1 Abstract
Assignment 3
The Nimbus 10000∗
CS 4410, Spring 2018, Cornell University
April 9, 2018
The Client/Server Paradigm is a common model for structuring distributed computing. In this assignment, you will be working on developing a multi-client, single-server system where the server accepts connections from multiple clients simultaneously. In our model, we will be simulating a cloud backup system; clients can open a connection with a server and send a file for the server to back up. The caveat: the server has a limited buffer size and might not always be able to receive everything from the clients all at once. Even better, the buffer size can change at any time without warning!
2 Motivation
Whenever you use an Internet-connected device, you are making anywhere from dozens to thousands of network requests every second to a remote server that tirelessly handles all the requests, ideally without any degradation in performance. As you have learned, you can use the Transport Layer protocol TCP to ensure that your request will reach your destination. TCP will ensure that the request, however large it is, will be reliably delivered and packets are pieced back together in the correct order. However, what TCP cannot guarantee is what happens on either end, “above” the Transport Layer. In this assignment, we will be simulating a server that can accept requests from multiple clients, but only accepts packets containing data no larger than a set amount. The client knows that there is a limit, but it doesn’t know the size of the buffer. The server helps the client out by returning a packet indicating whether or not the last packet was of an acceptable size. Using this information, the client’s job is to send requests to the server in an efficient manner.
3 Introduction
The assignment has three phases. In Phase One, you will become familiar with the basics of socket programming in Python by building a server that handles a single client and has an unbounded buffer size as well as building the client. In Phase Two, you will be adding a bounded buffer size to your server, meaning that you will have to update your client to probe for this buffer size. Lastly, in Phase Three, you will upgrade your server to handle multiple clients.
3.1 Assumption
The project will be restricted to the CSUG servers and Course VM, so you should use either of these for your development and testing. We cannot dedicate staff resources to troubleshooting problems associated with not using the CSUG servers or the Course VM. Please note that A2 was in Python 2 and A3 is in Python 3.*.*. Make sure you’re calling the right version of python (both are installed on
∗a slightly spotty cloud backup server operating on port 10000 or higher 1
both the CSUG servers and the VM). One of the main differences you’ll notice between the two is that print() requires parentheses in Python 3.
3.2 Python Libraries
You should not download custom libraries that do not come with Python. Of the ones that come with Python, we think you will want include socket, select, threading, re, and time. If you want to use another library besides the four mentioned, please ask on Piazza for approval.
3.3 Directory Structure
The directory structure of the project is as follows:
a3
tests
message count.out
12Commandments.txt
All of your custom tests should go in this folder as *.input files
outputs
Outputs from your tests should go in here
grading.py master.py constants.py server.py client.py
The files grading.py, master.py, and constants.py are given to you. Don’t change them! Additionally, you don’t have to touch /tests/message count.out (used for grading your outputs) or /tests/12Commandments.txt (used to create the primary files that the clients want to back up). You will be working on server.py and client.py.

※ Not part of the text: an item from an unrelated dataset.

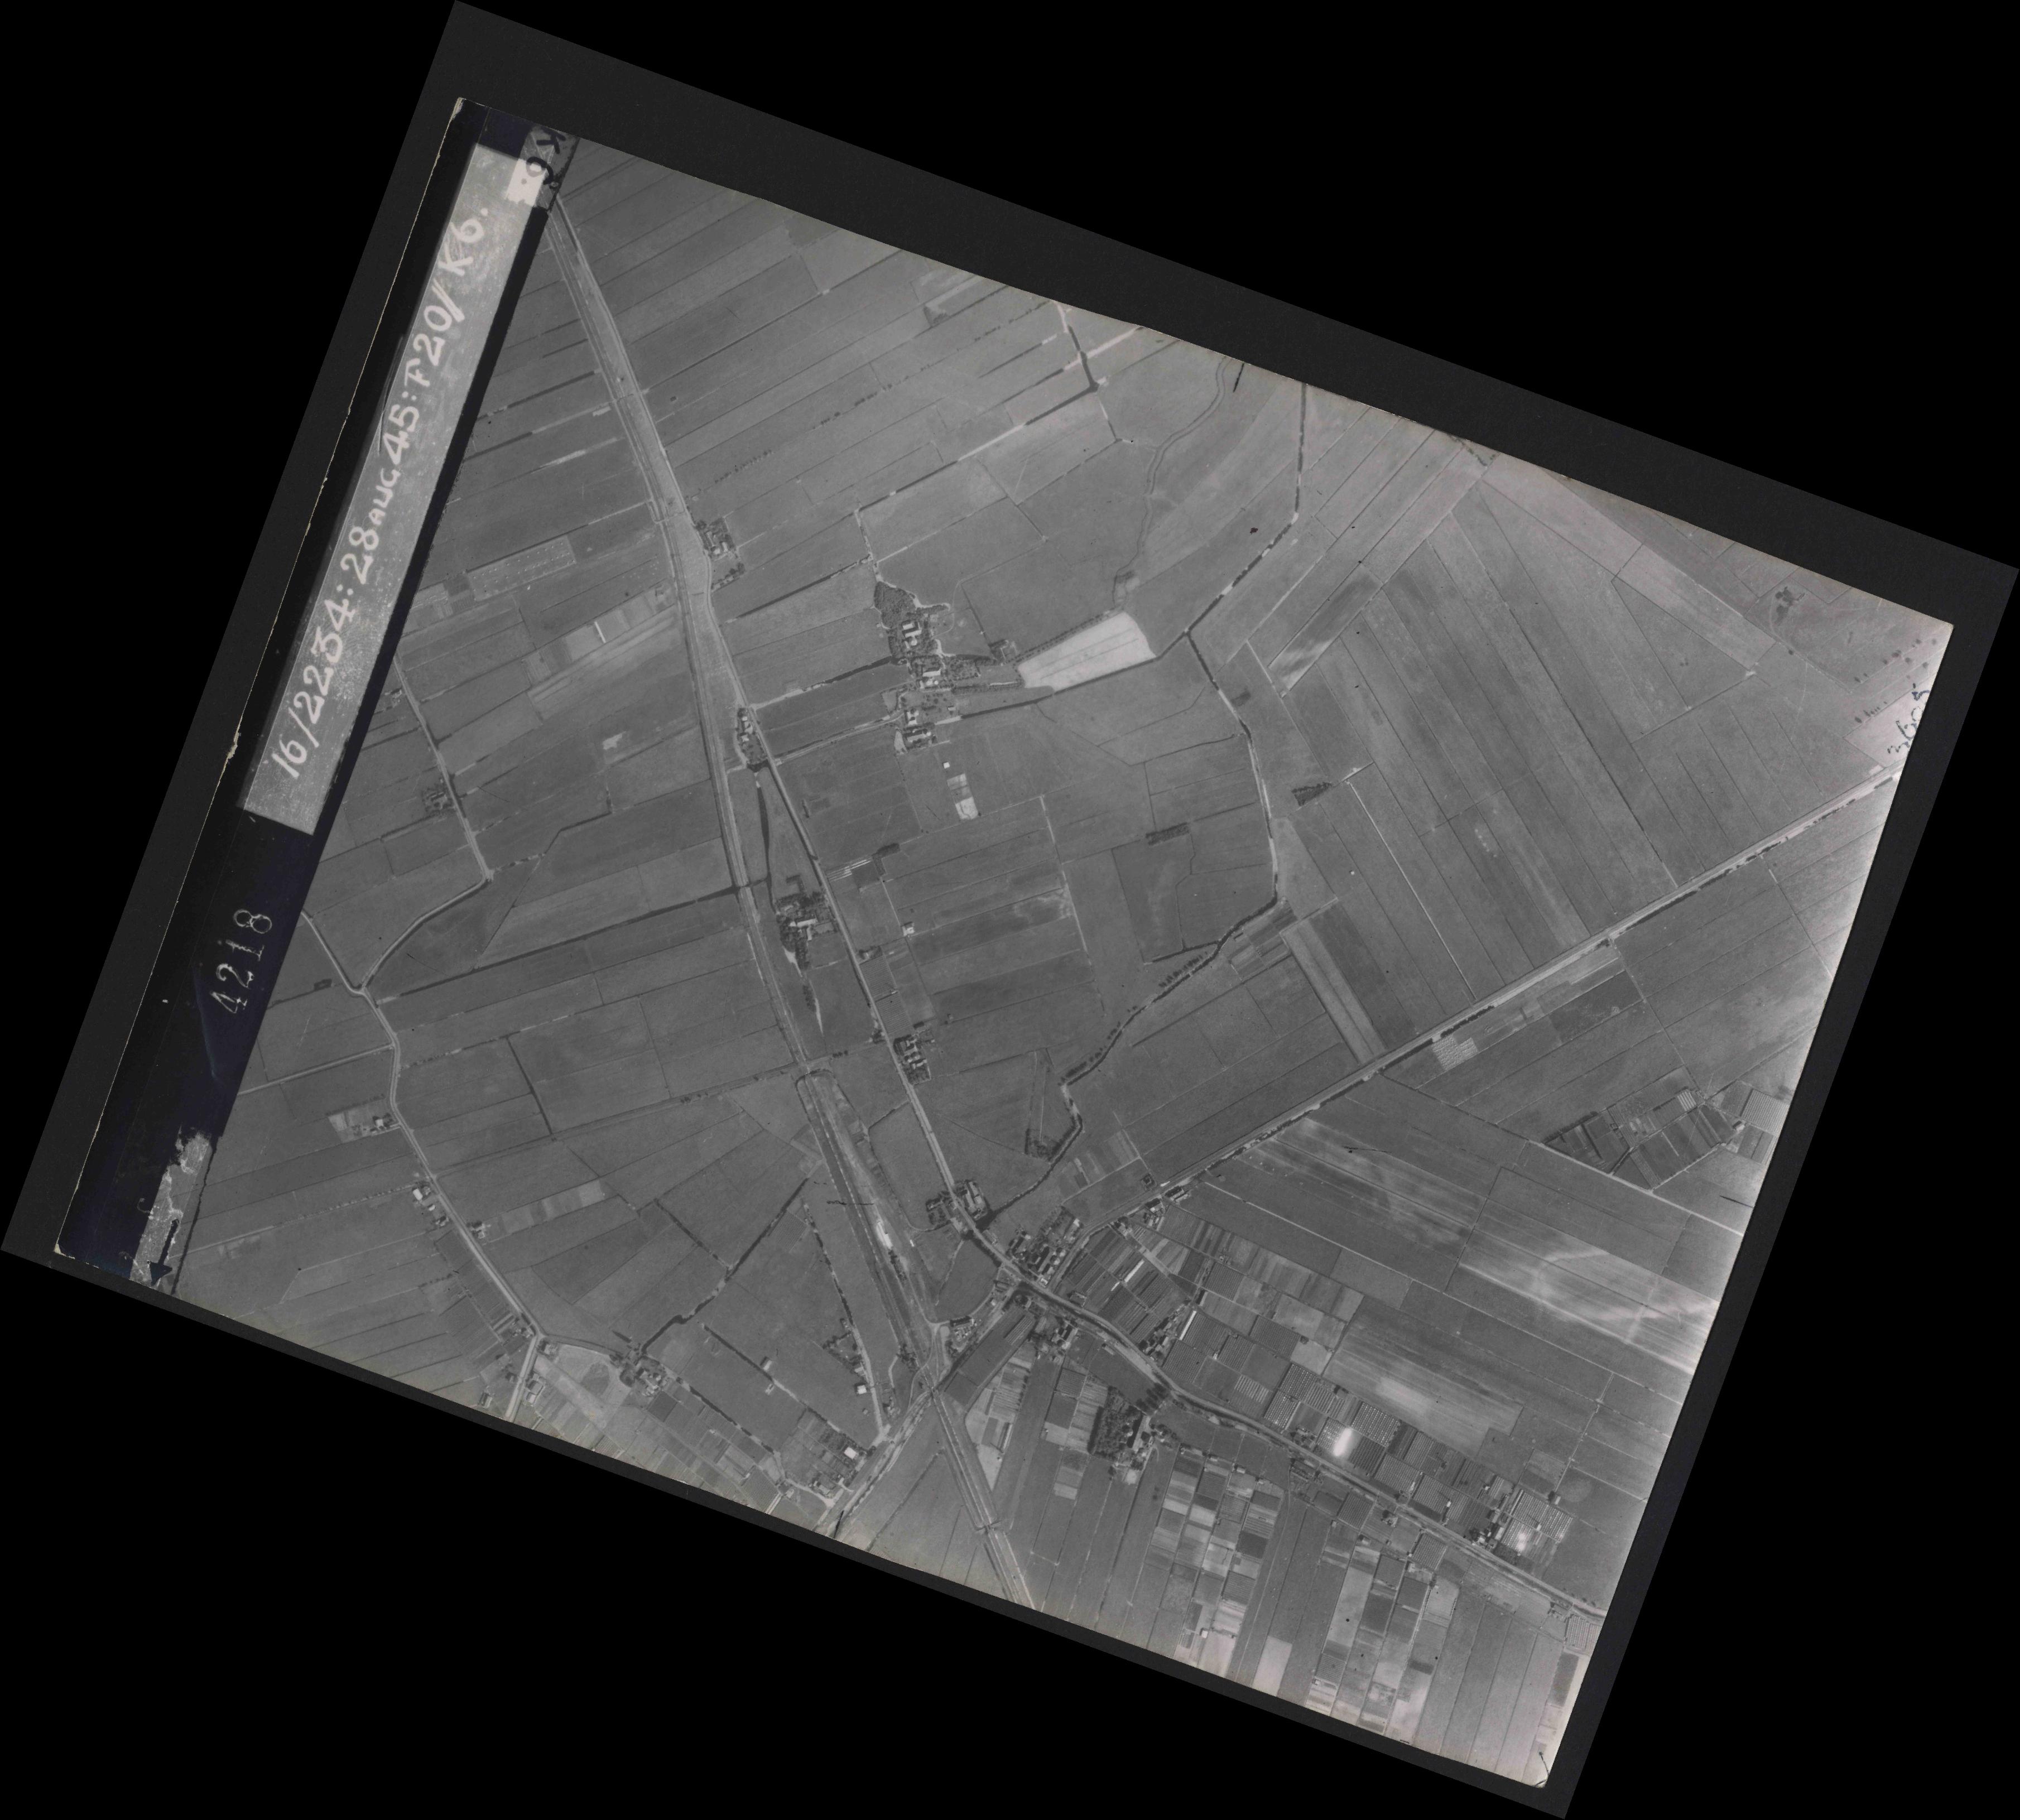 Collection RAF aerial photos 1940-1945 - flight 031, run 01, photo 4218
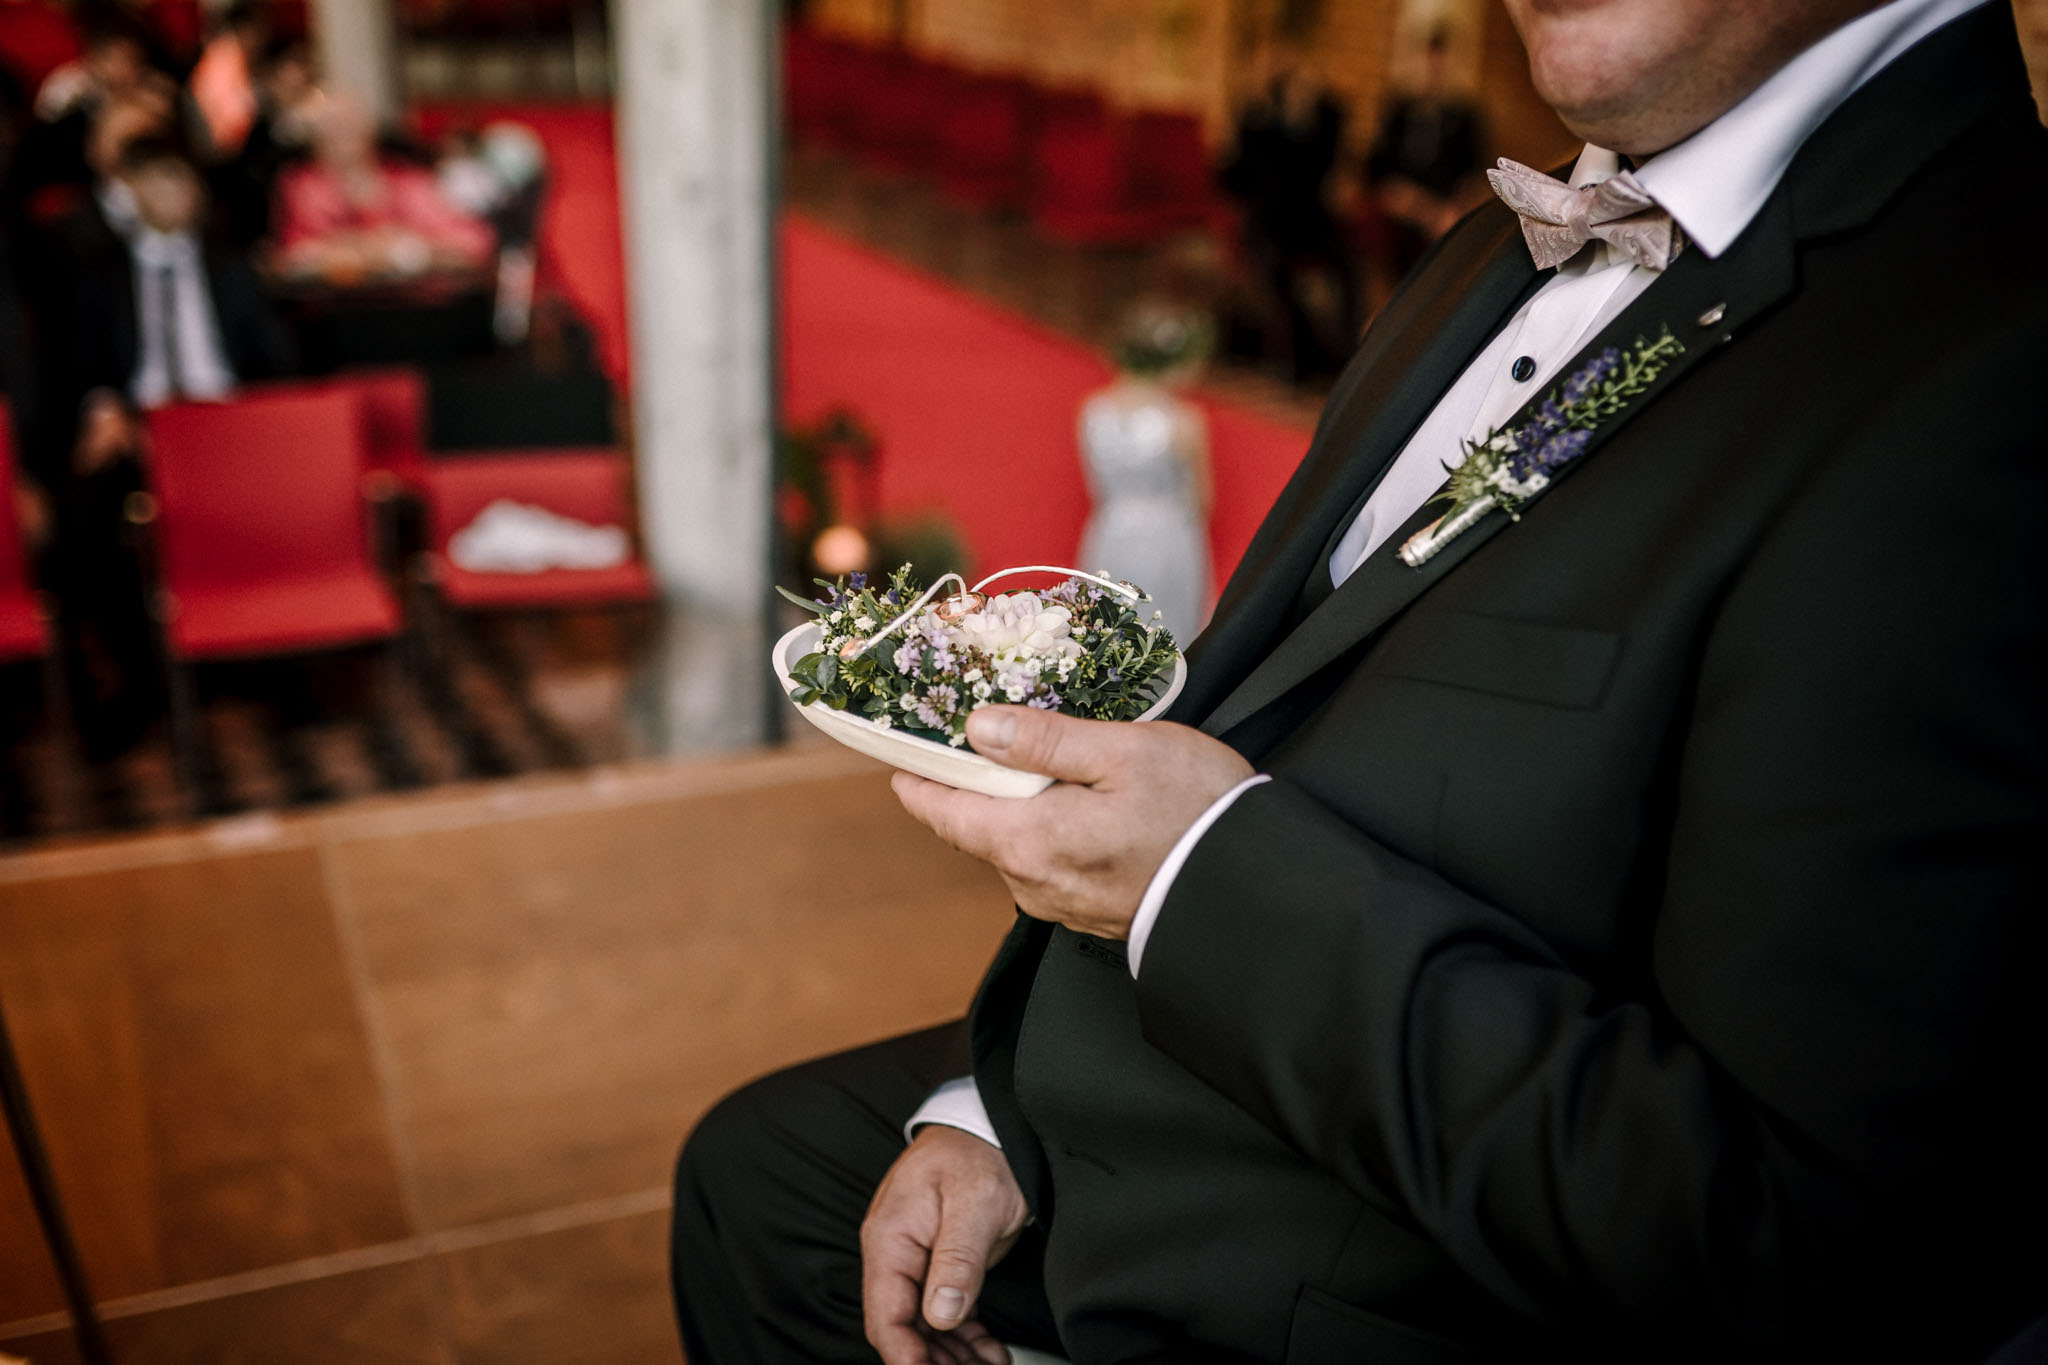 Hochzeitsfieber by Photo-Schomburg, Hochzeitsfotograf, Hamburg,Hochzeitstag, Hochzeitspaar, Braut, Bräutigam, Literaturhauscafe Zarrentin-37

We expect that you will have your own custom test cases, demonstrating that you have comprehensively tested your project, even though you will not be submitting them for grading. For each phase, you will only submit server.py and client.py on CMS. Therefore, we recommend using something like git tagging to keep track of your finished versions.
4 Specification
4.1 Server
In this cloud backup project, the server has to do several very important tasks:
1. Accept connections from clients.
2. Only accept data from a client if the length of the data is below a set size (the buffer size). 3. Log important actions taken by the server (more on this later).
4. Successfully back up the clients’ file (BackupWriter in constants.py helps you with this).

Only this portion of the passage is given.